CN-122009155-A - Automatic parking control method and system based on image segmentation
Abstract
The invention discloses an automatic parking control method and system based on image segmentation, which comprises the following steps of firstly extracting a parking space boundary line, secondly constructing a boundary compression vector, thirdly generating a compression trend vector, fourthly switching to a compression response control state when the compression trend in any direction meets a preset trigger condition, fifth generating a non-uniform BEV query point set based on an improved BEVFormer model in the compression response control state, performing time sequence association modeling, and outputting final BEV characteristics, sixth generating a vehicle control signal, seventh switching back to the parking control state if the compression trend in all directions does not meet the preset trigger condition, and eighth ending the automatic parking control process when the vehicle posture is in a stable state. The invention combines compression trend analysis and improvement BEVFormer model to realize fine sensing and stable control of limited space in automatic parking.
Inventors
- WANG XI
- SONG JIANMING
- WANG RUOYU
- PENG XINLIANG
Assignees
- 苏州天瞳威视电子科技股份有限公司
Dates
- Publication Date
- 20260512
- Application Date
- 20260225
Claims (10)
- 1. An automatic parking control method based on image segmentation is characterized by comprising the following steps: Collecting multi-view image data of the surrounding environment of a vehicle, performing image segmentation on the multi-view image data, and extracting a parking space boundary line; calculating the compression values of the physical contour line of the vehicle and the parking space boundary line in the left measuring, right measuring, front measuring and rear measuring directions, and constructing a boundary compression vector; step three, continuously updating the boundary compression vector for a time, calculating the variation of compression values in all directions, and generating a compression trend vector; judging a current control state according to the compression trend vector, interrupting the parking control state when the compression trend in any direction meets a preset trigger condition, and switching to a compression response control state; In a compression response control state, inputting a current boundary compression vector and a corresponding compression trend vector into an improved BEVFormer model, generating a non-uniform BEV query point set through the boundary compression vector, performing time sequence association modeling through a compression form time sequence memory unit, and outputting final BEV characteristics; Step six, generating a vehicle control signal based on the final BEV characteristics, and adjusting the vehicle posture; step seven, after the vehicle posture adjustment is completed, if the current compression trend in all directions does not meet the preset triggering condition, switching back to the parking control state, otherwise, continuing to execute the compression response control state; and step eight, ending the automatic parking control process when the vehicle posture is in a stable state in the parking control state.

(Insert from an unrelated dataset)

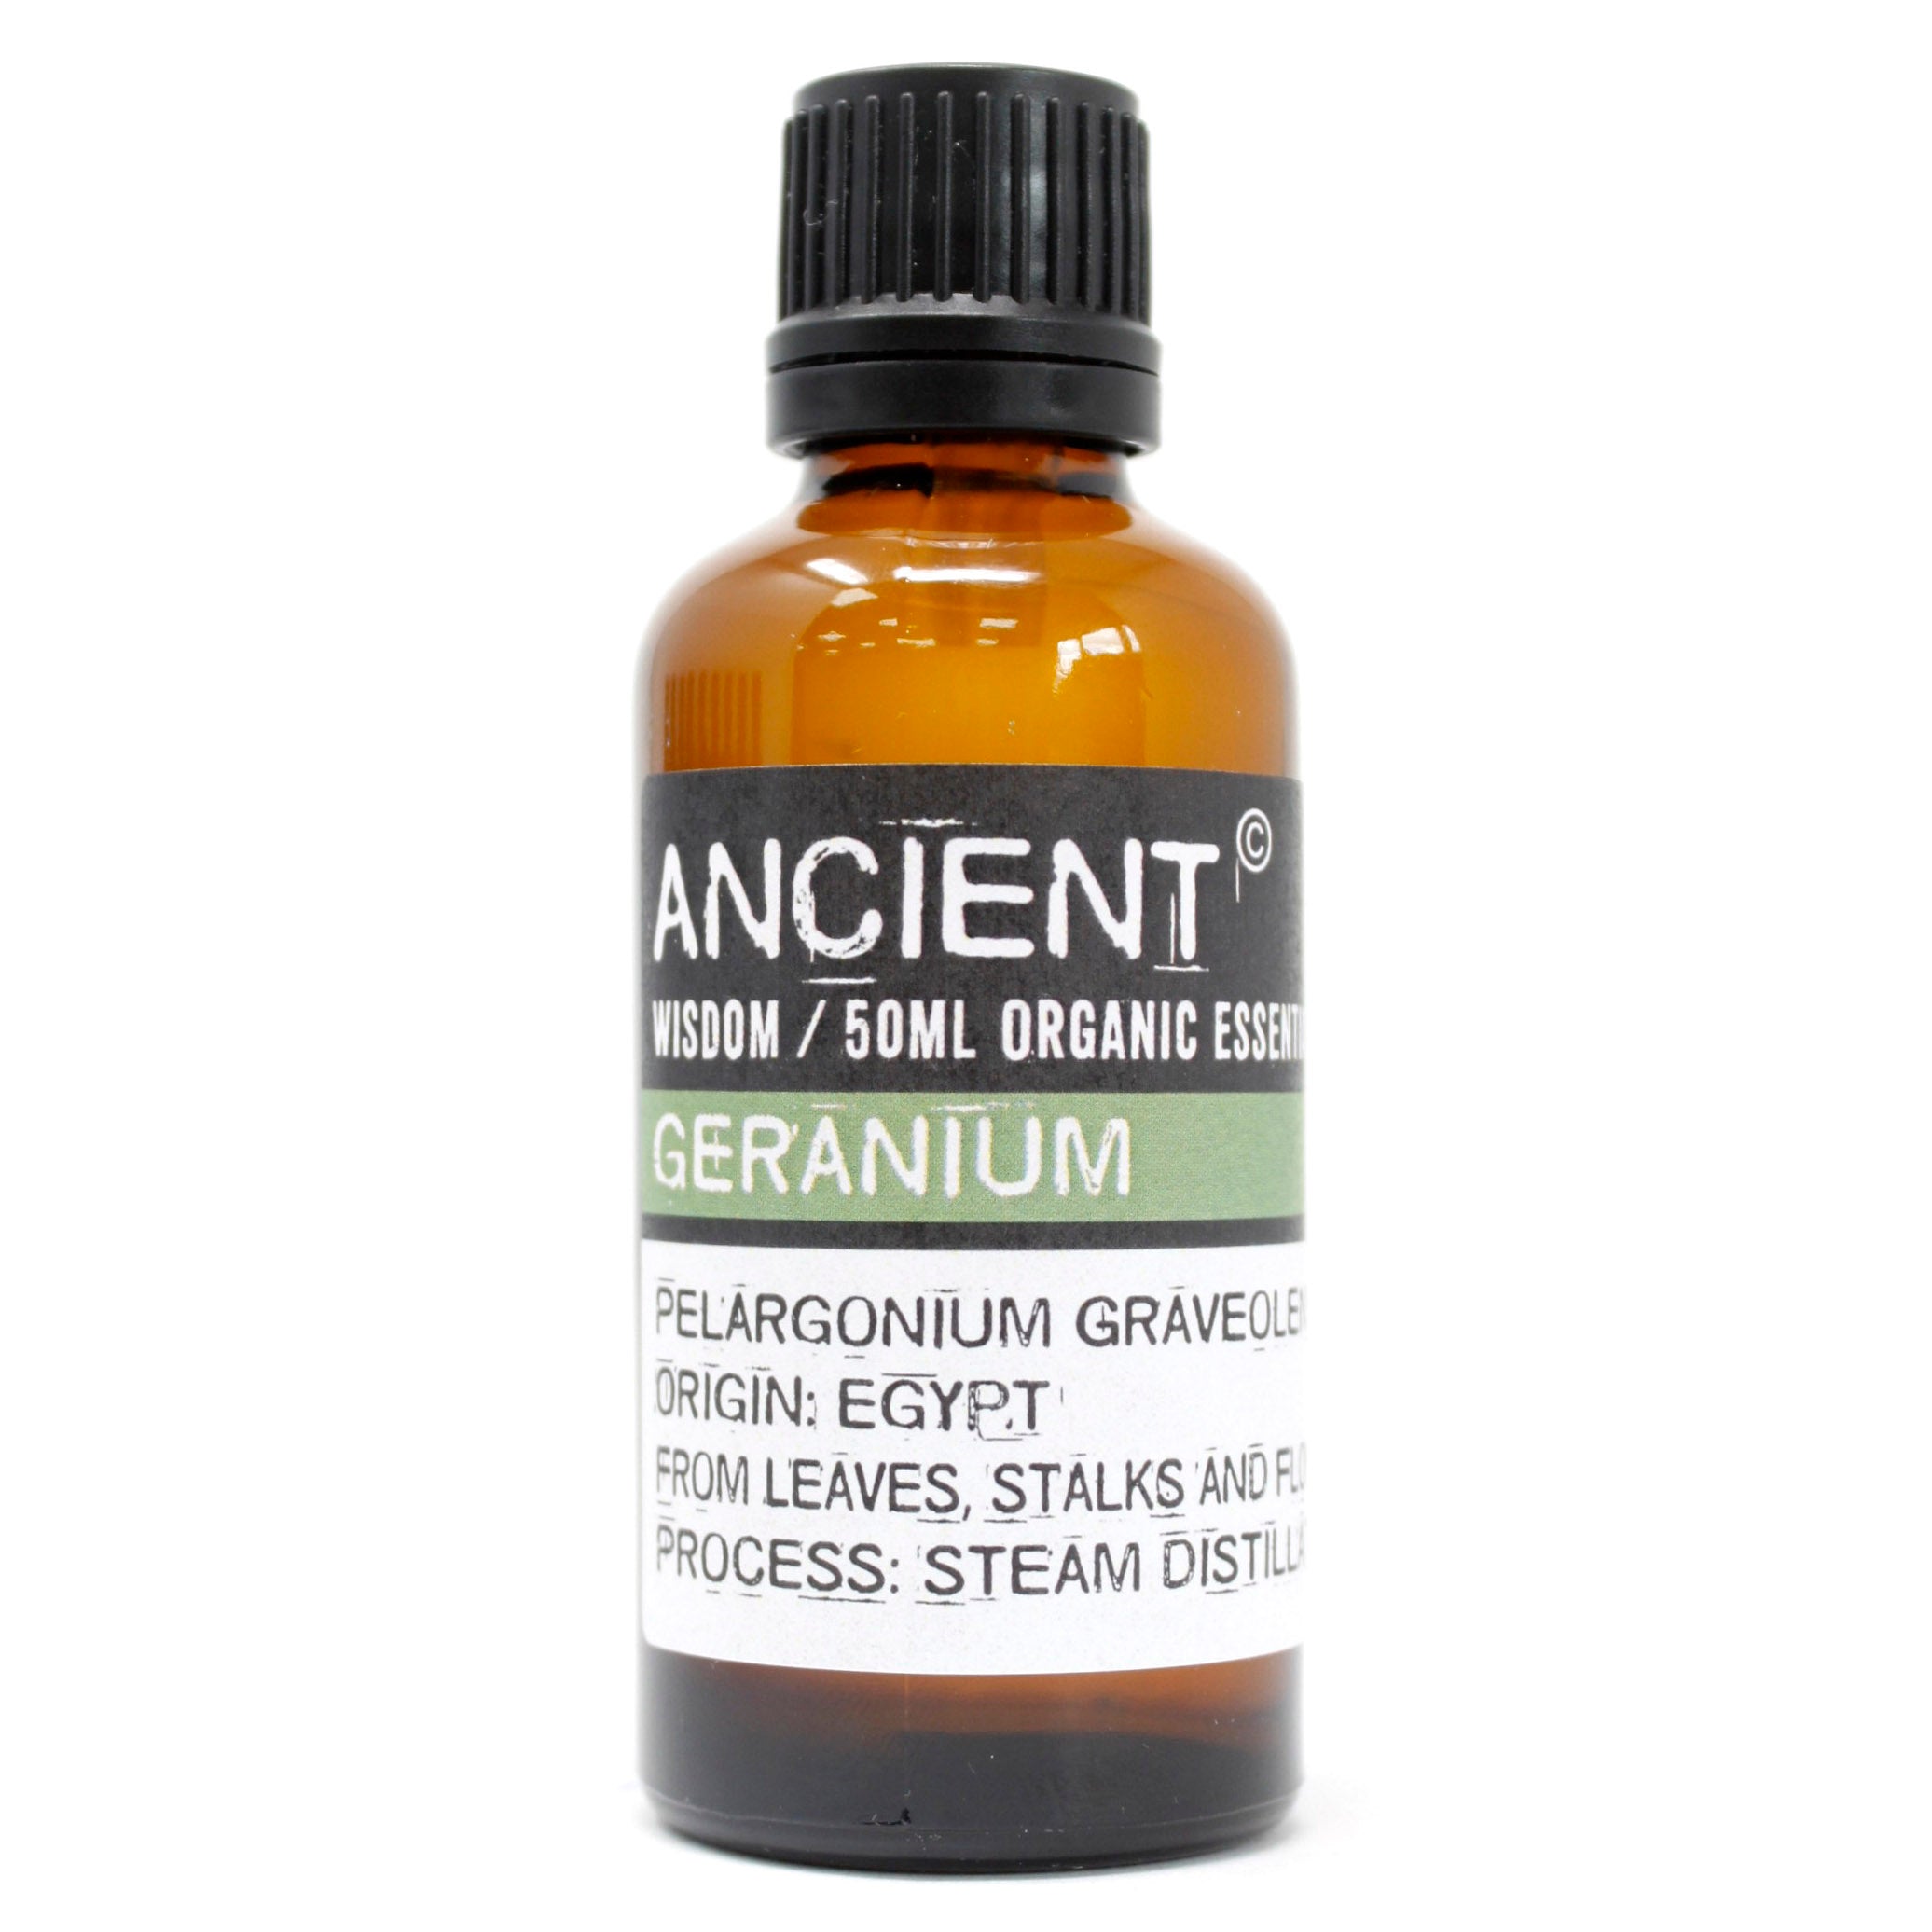 View Geranium Organic Essential Oil 50ml information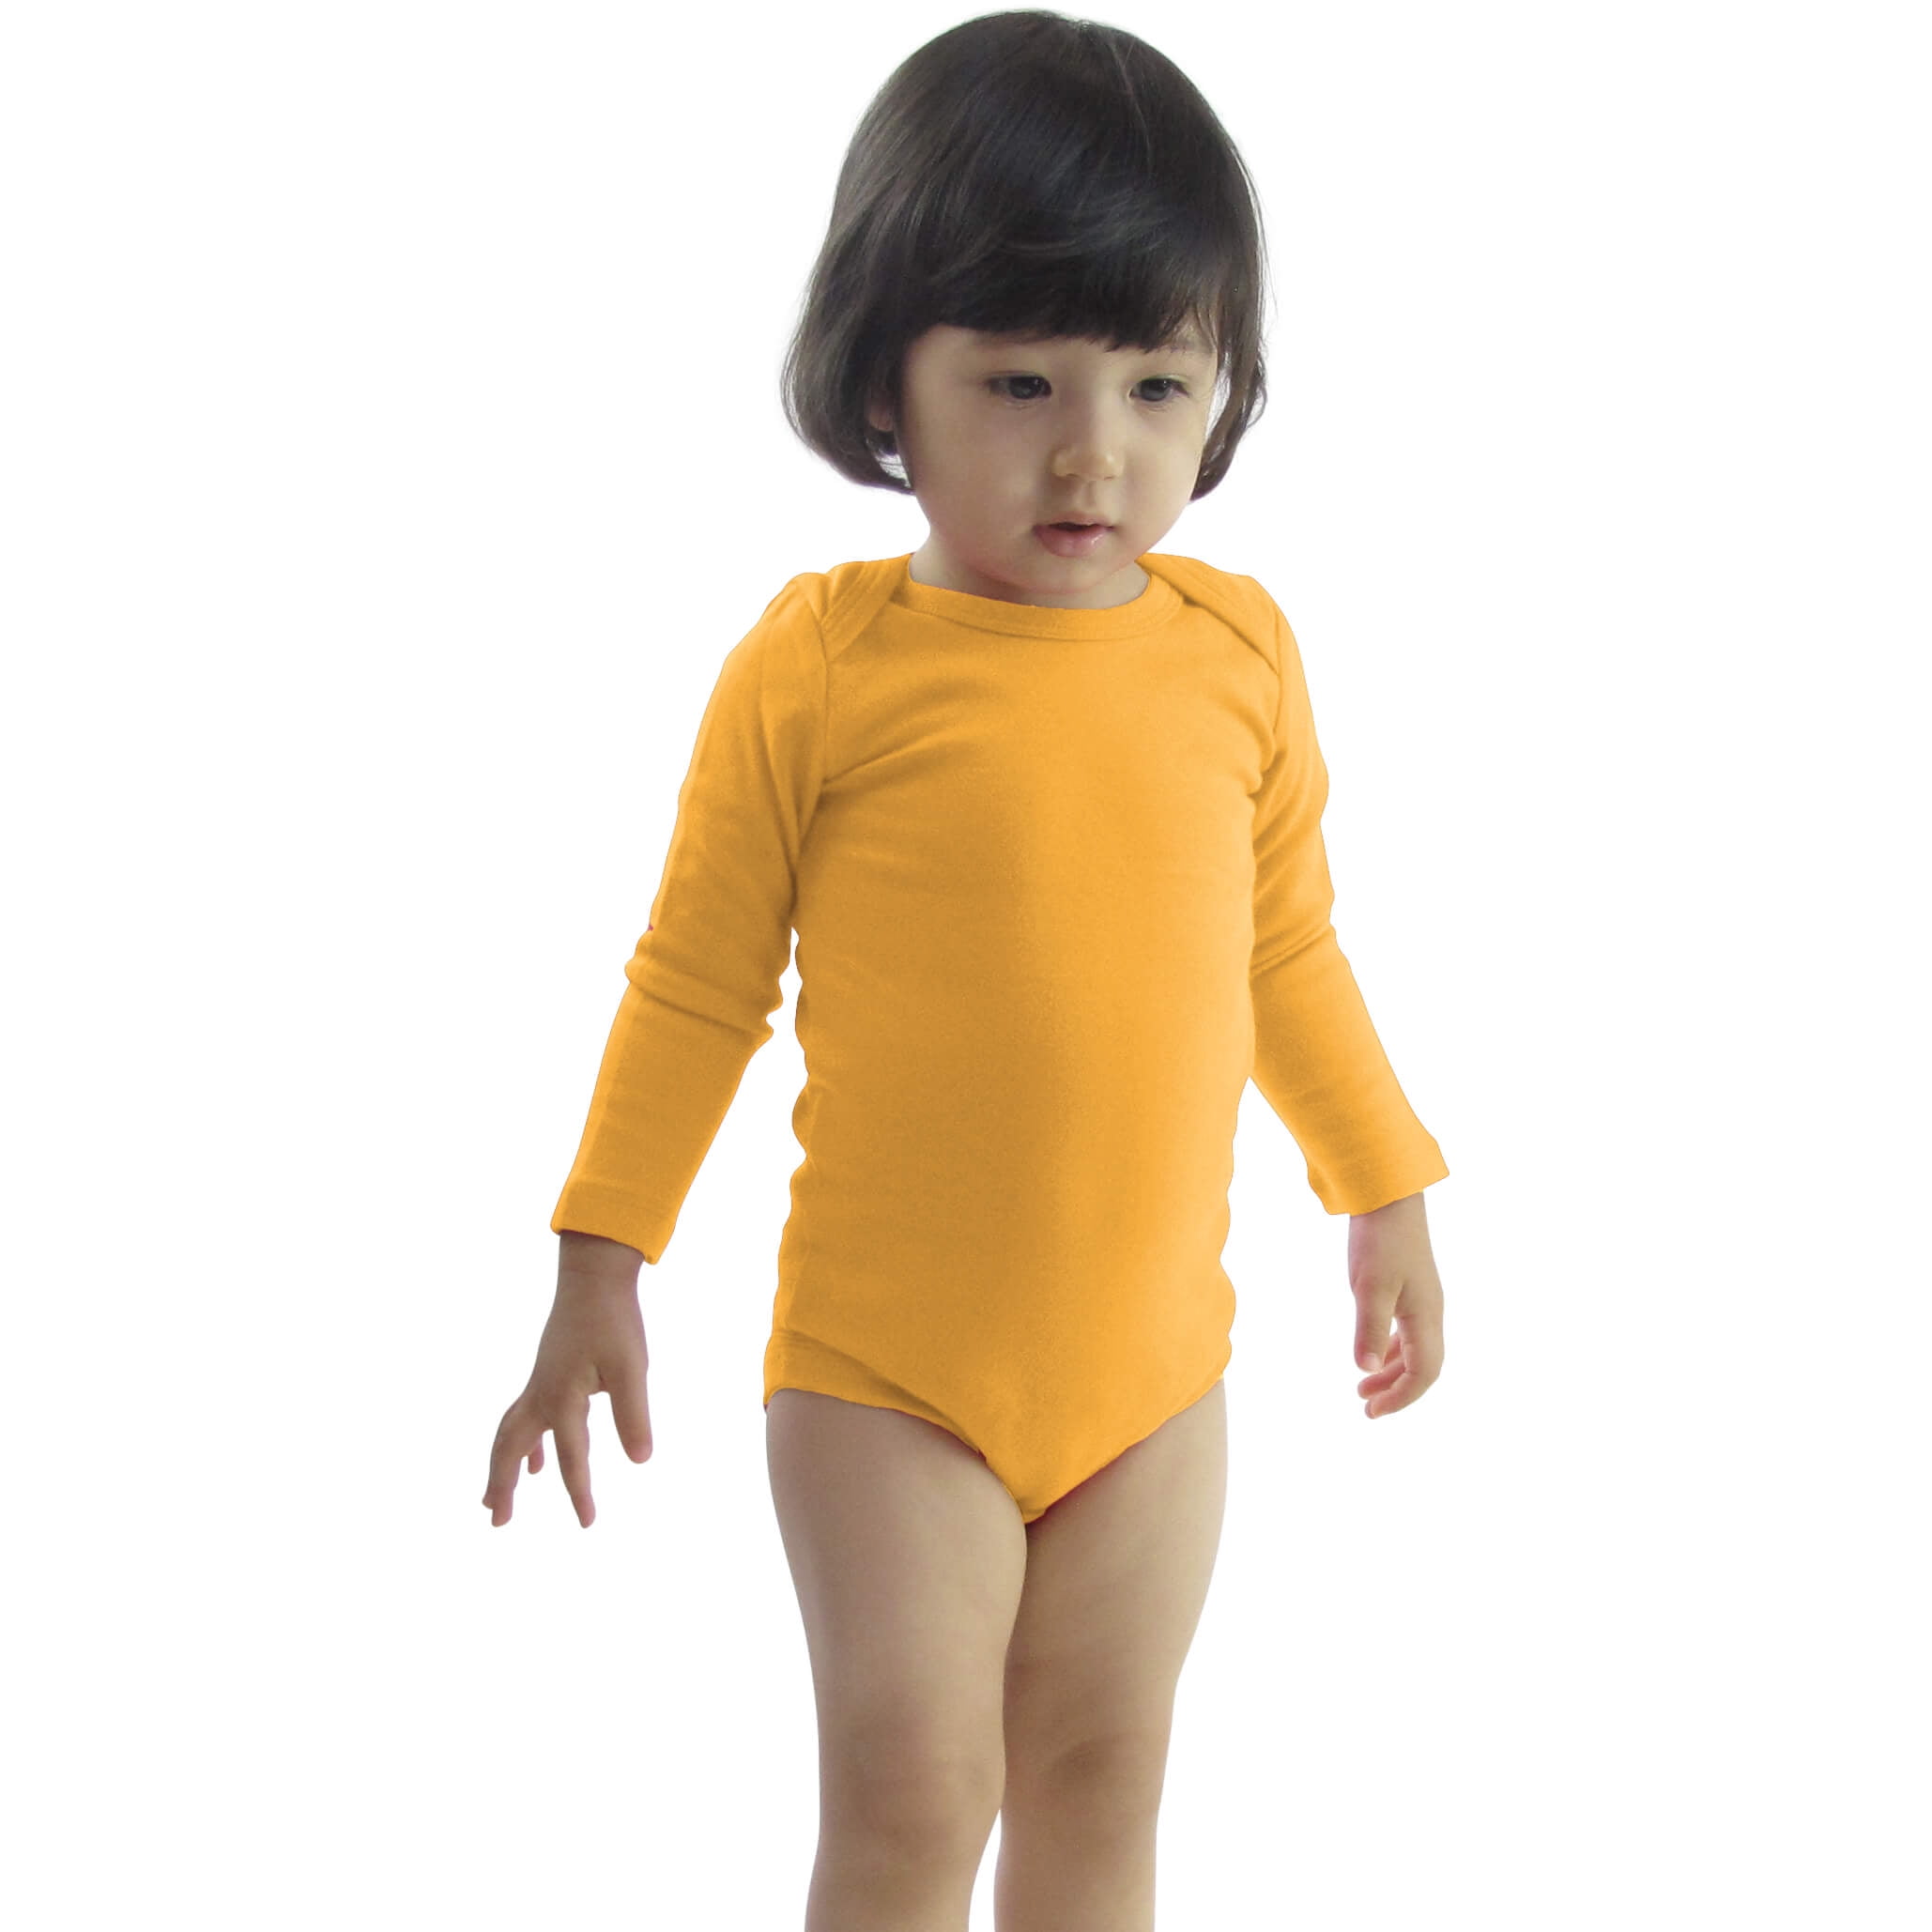 Couver Baby Cotton Longsleeve Onesie Infant Toddler Lap Shoulder Solid Color Bodysuit, Golden Yellow, 24M

- 2. The automatic parking control method based on image segmentation according to claim 1, wherein the first step is specifically: collecting multi-view image data covering the surrounding environment of a vehicle through vehicle-mounted cameras arranged at the front part, the rear part, the left side and the right side of the vehicle, wherein the multi-view image data comprises a forward view image, a backward view image and left and right side view images, and timestamps are uniformly added to the multi-view image data when the multi-view image data is collected so as to form a synchronous image sequence; inputting the multi-view image data into an image segmentation network, the image segmentation network comprising an encoder and a decoder; The encoder divides an input multi-view image into image blocks with set sizes, performs linear embedding processing on each image block, and performs layer-by-layer encoding on the image blocks in a multi-layer transform structure to extract multi-scale semantic features corresponding to different spatial resolutions; inputting the multi-scale semantic features into the decoder, and performing alignment and fusion processing on the semantic features with different scales by the decoder and outputting a pixel classification result; and extracting a pixel set marked as a parking space line category from the pixel classification result, and carrying out connected region screening and edge fitting treatment on the pixel set to obtain a parking space boundary line.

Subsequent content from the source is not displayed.